*DATASET EXTRACT:*
==*==
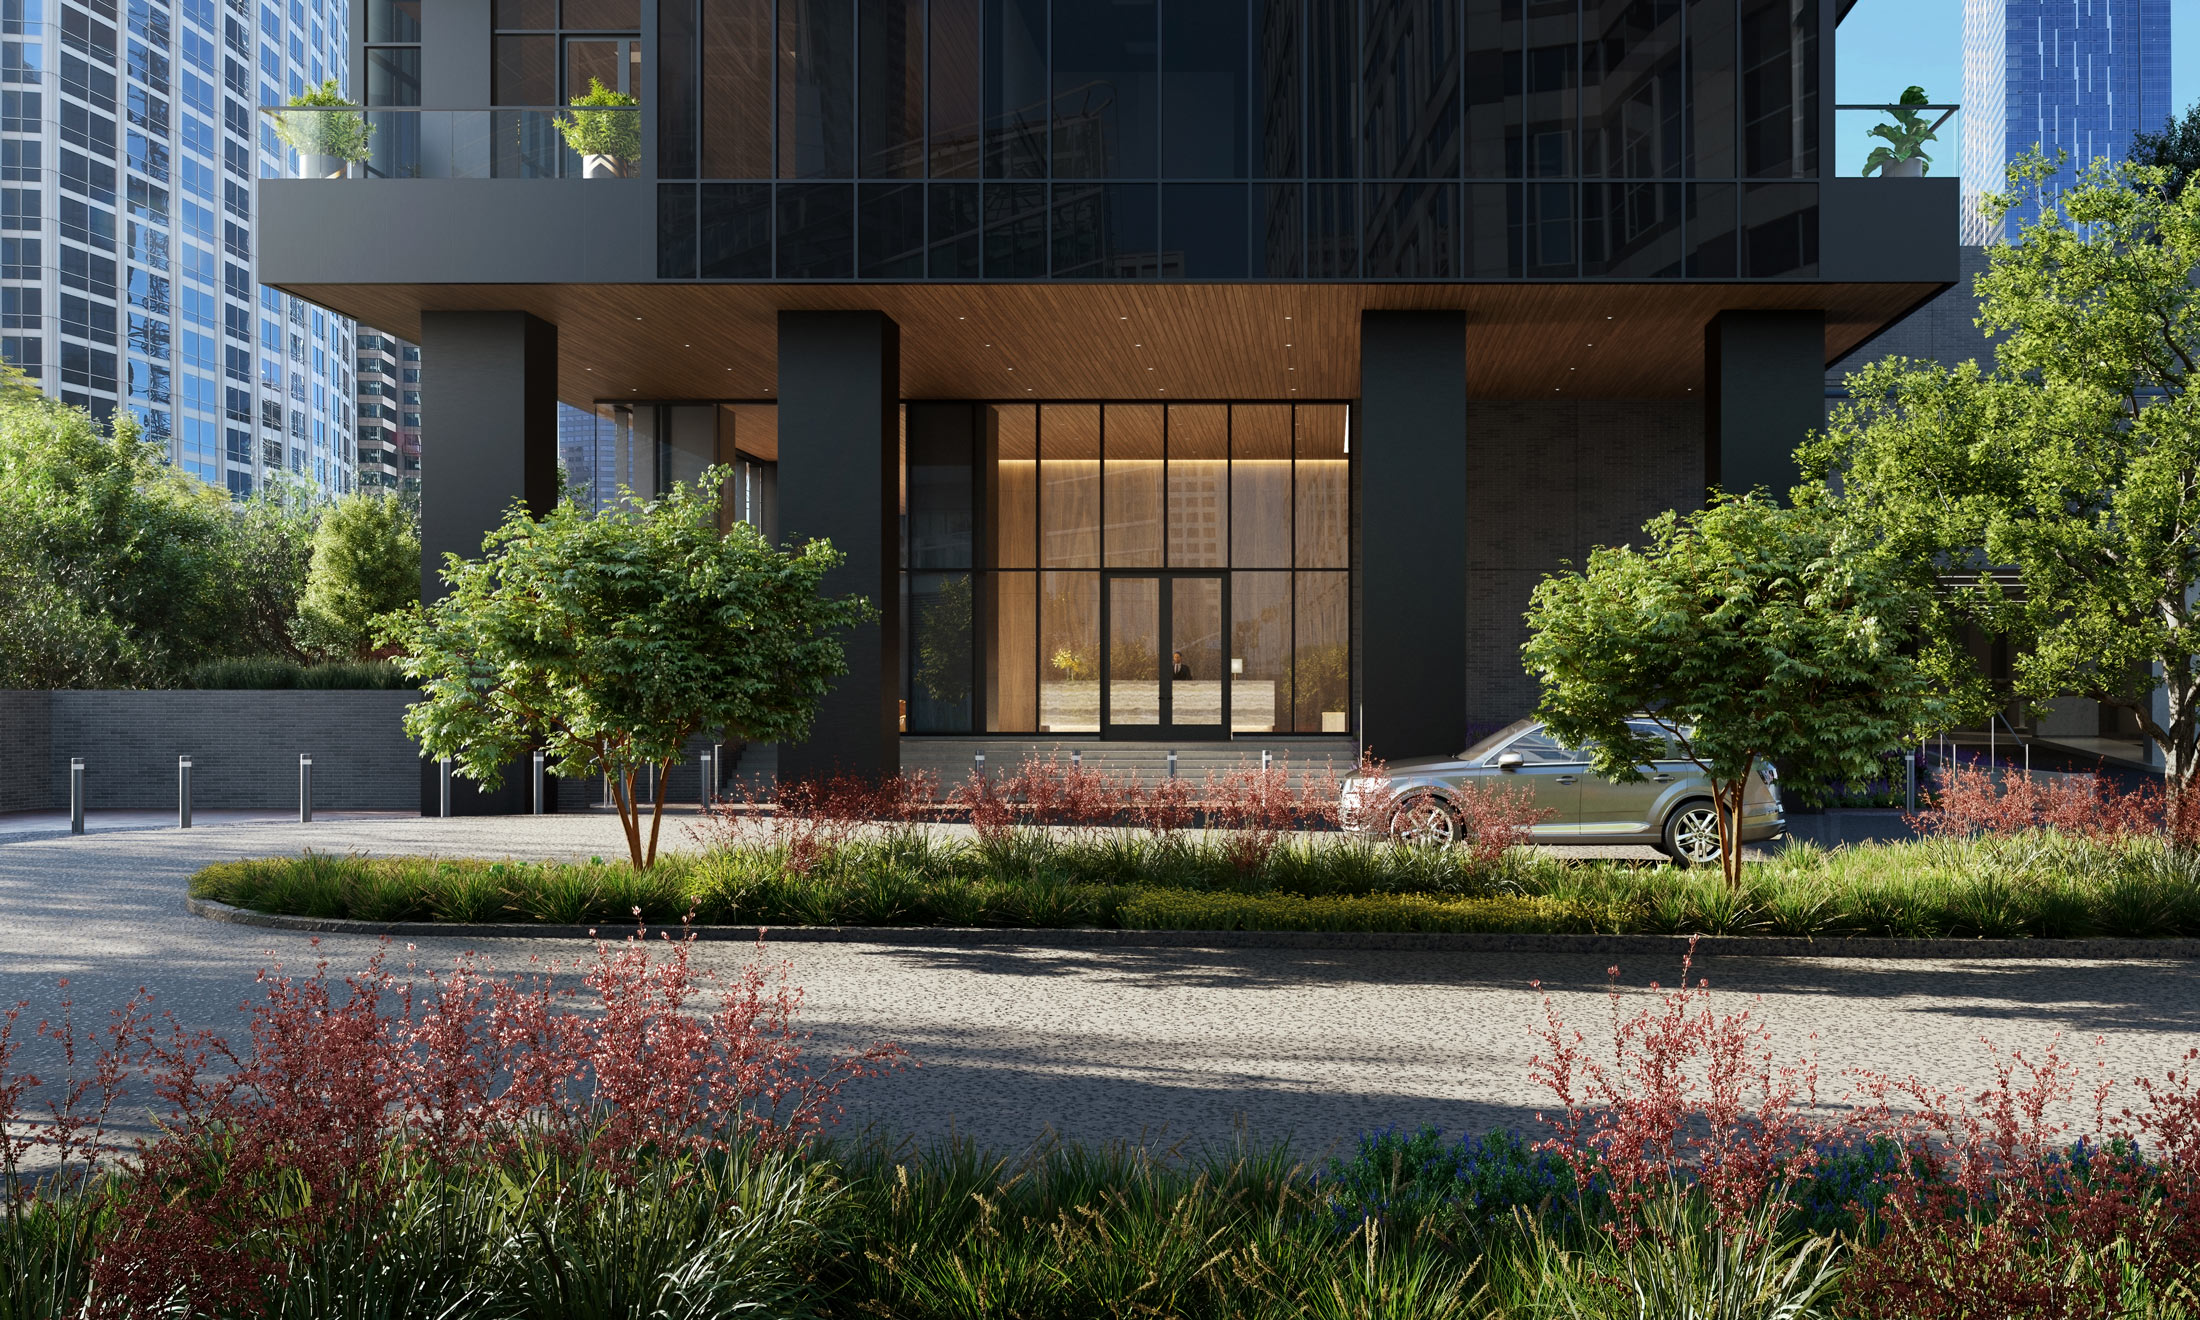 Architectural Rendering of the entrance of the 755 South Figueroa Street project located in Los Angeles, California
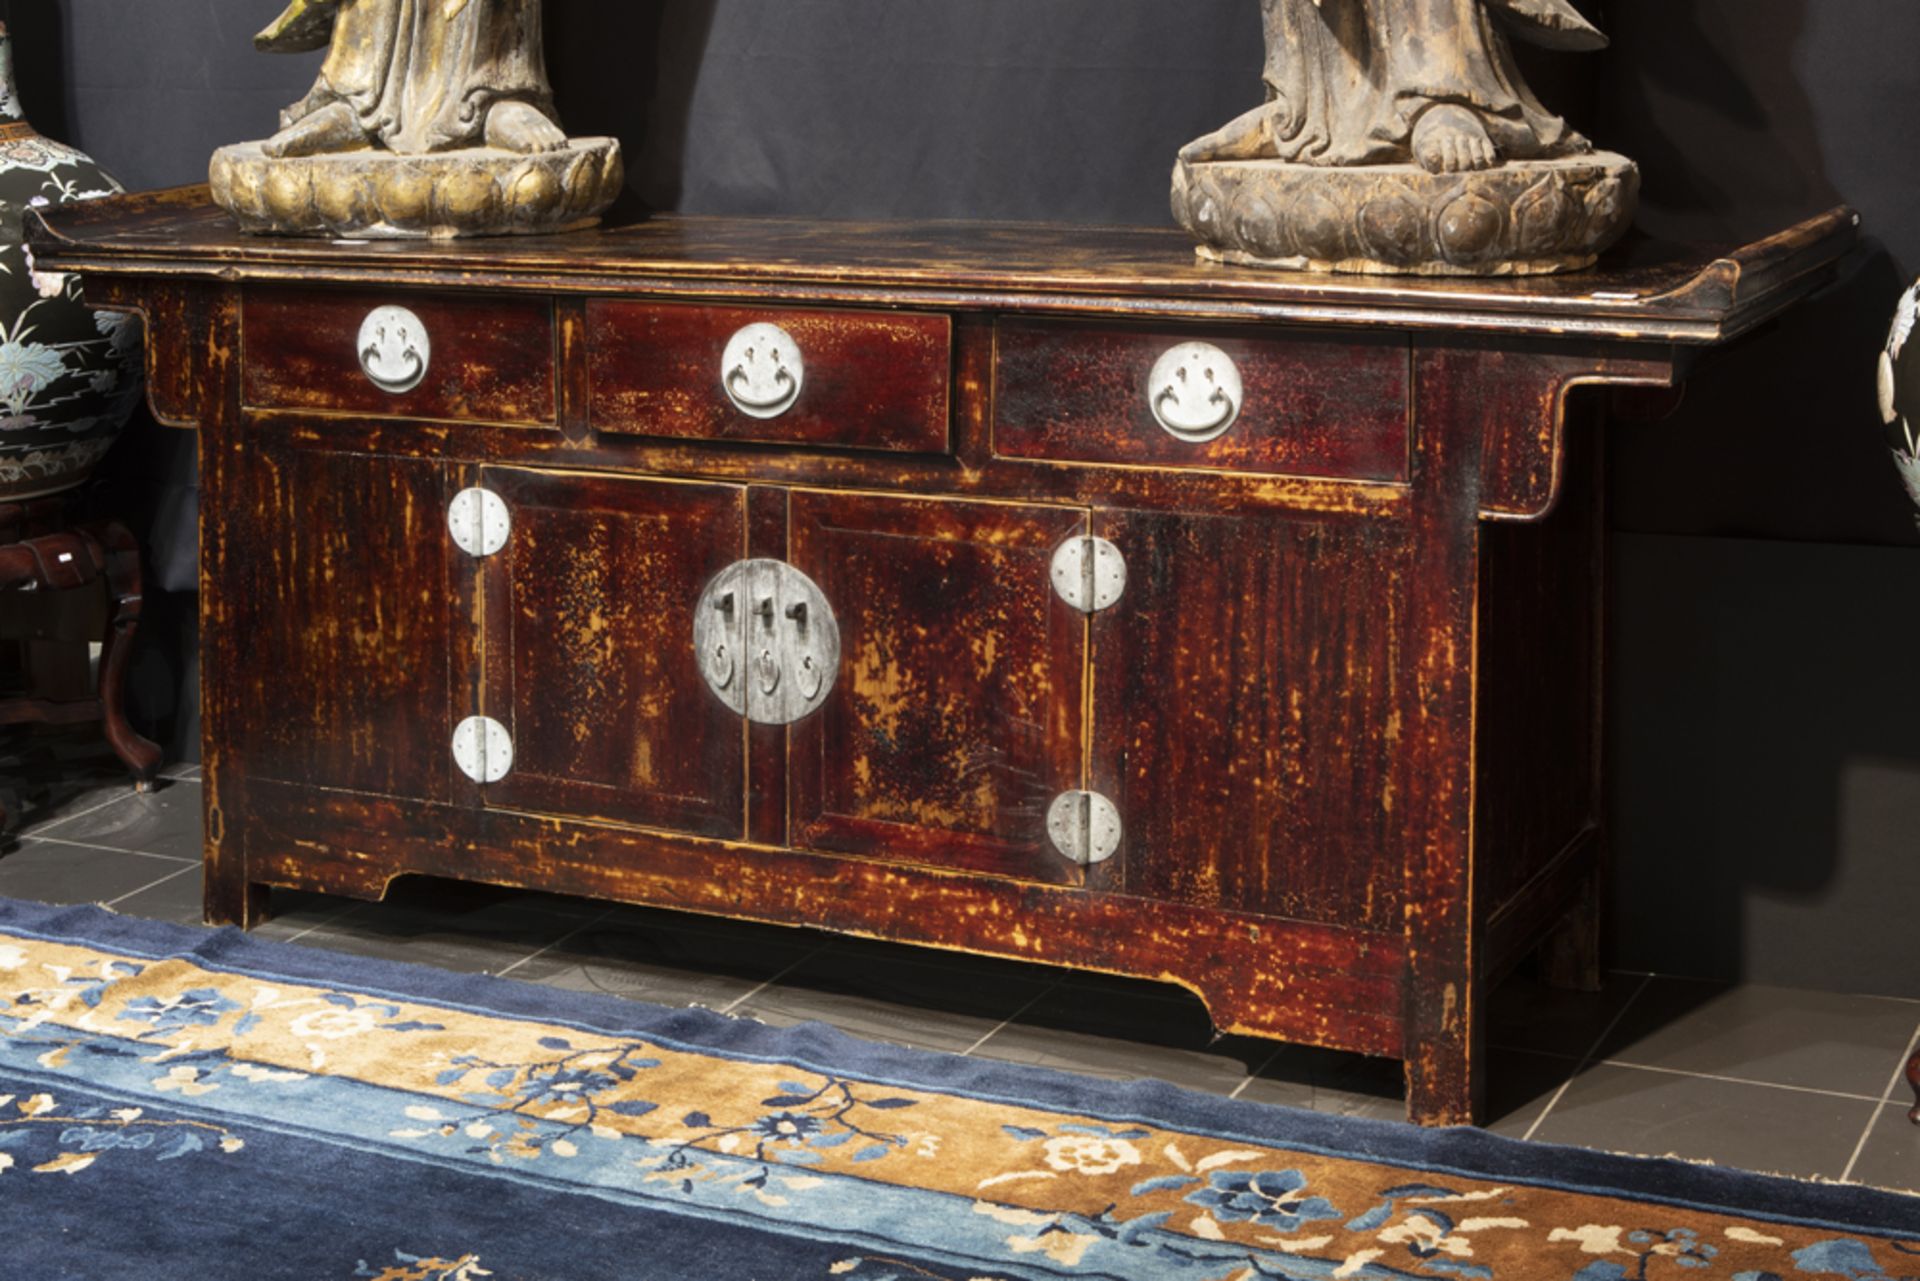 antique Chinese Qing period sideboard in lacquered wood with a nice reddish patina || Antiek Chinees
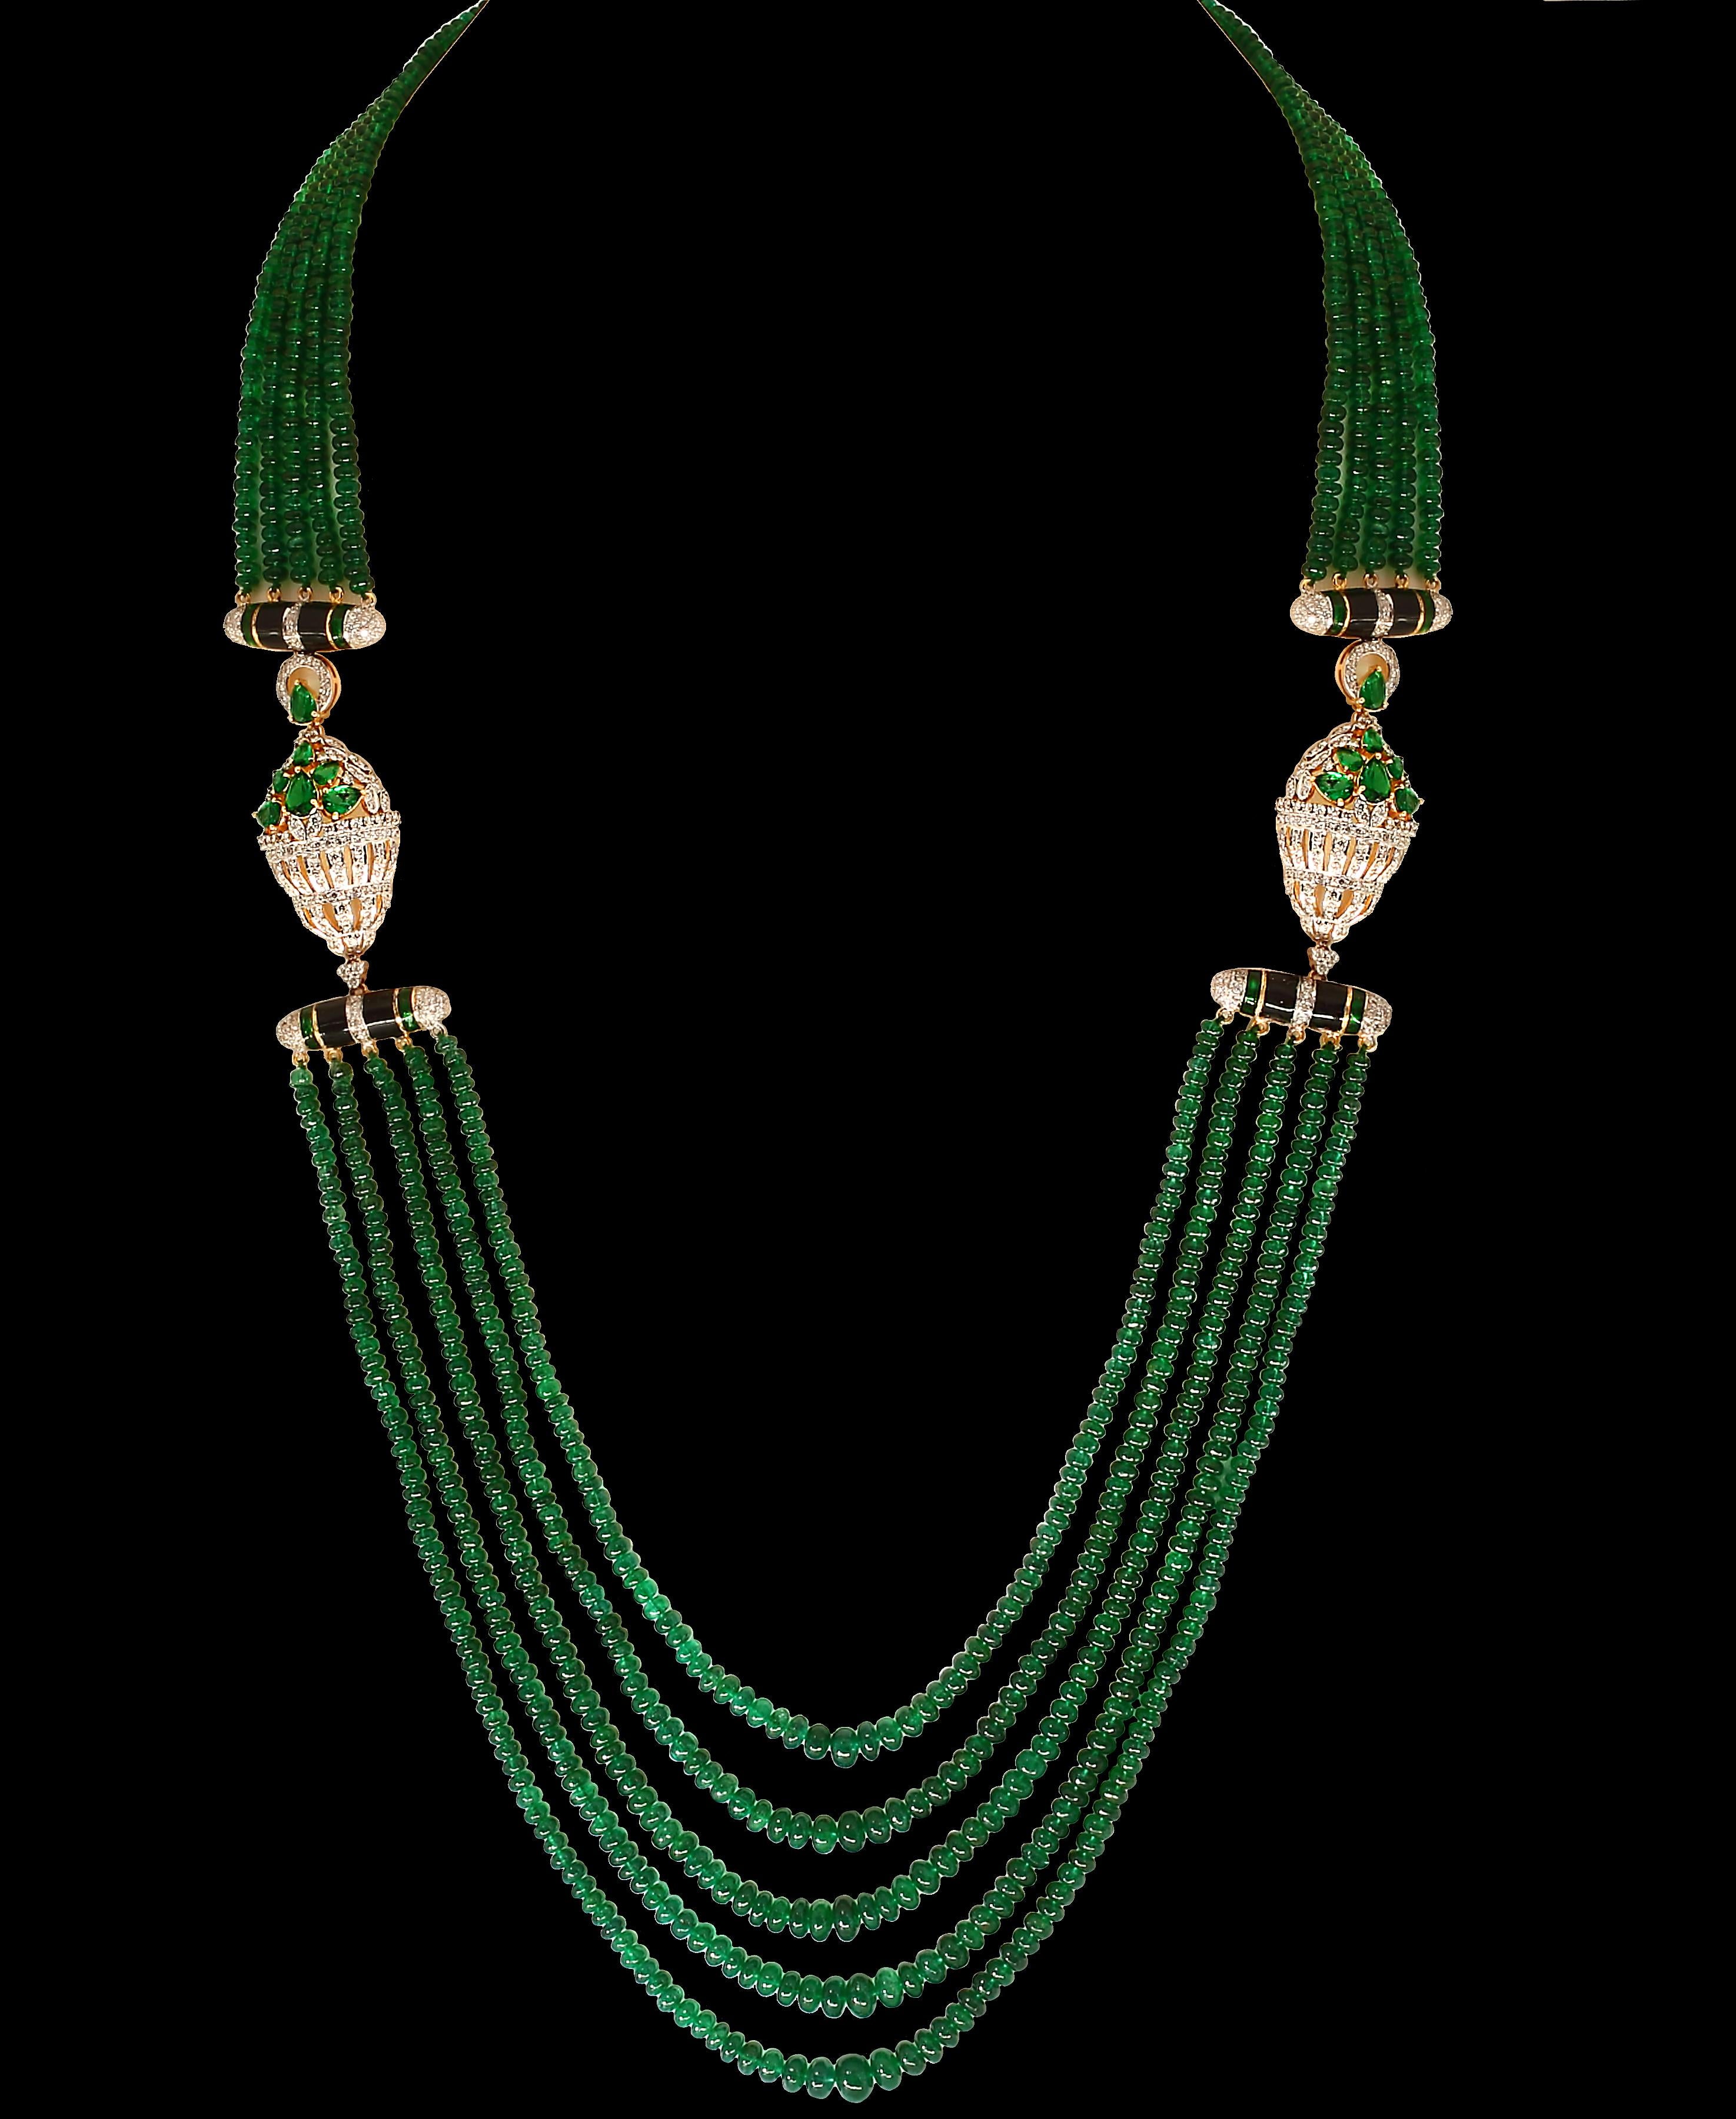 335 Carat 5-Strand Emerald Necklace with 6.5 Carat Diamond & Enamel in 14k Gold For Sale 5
==*==
*WHAT YOU SHOULD DO:*
With the pictures omitted, copy exactly the lines from the line that contains "antique Chinese Qing" through the end of the material.

*SOLVED PROBLEM:*
 antique Chinese Qing period sideboard in lacquered wood with a nice reddish patina || Antiek Chinees
 335 Carat 5-Strand Emerald Necklace with 6.5 Carat Diamond & Enamel in 14k Gold For Sale 5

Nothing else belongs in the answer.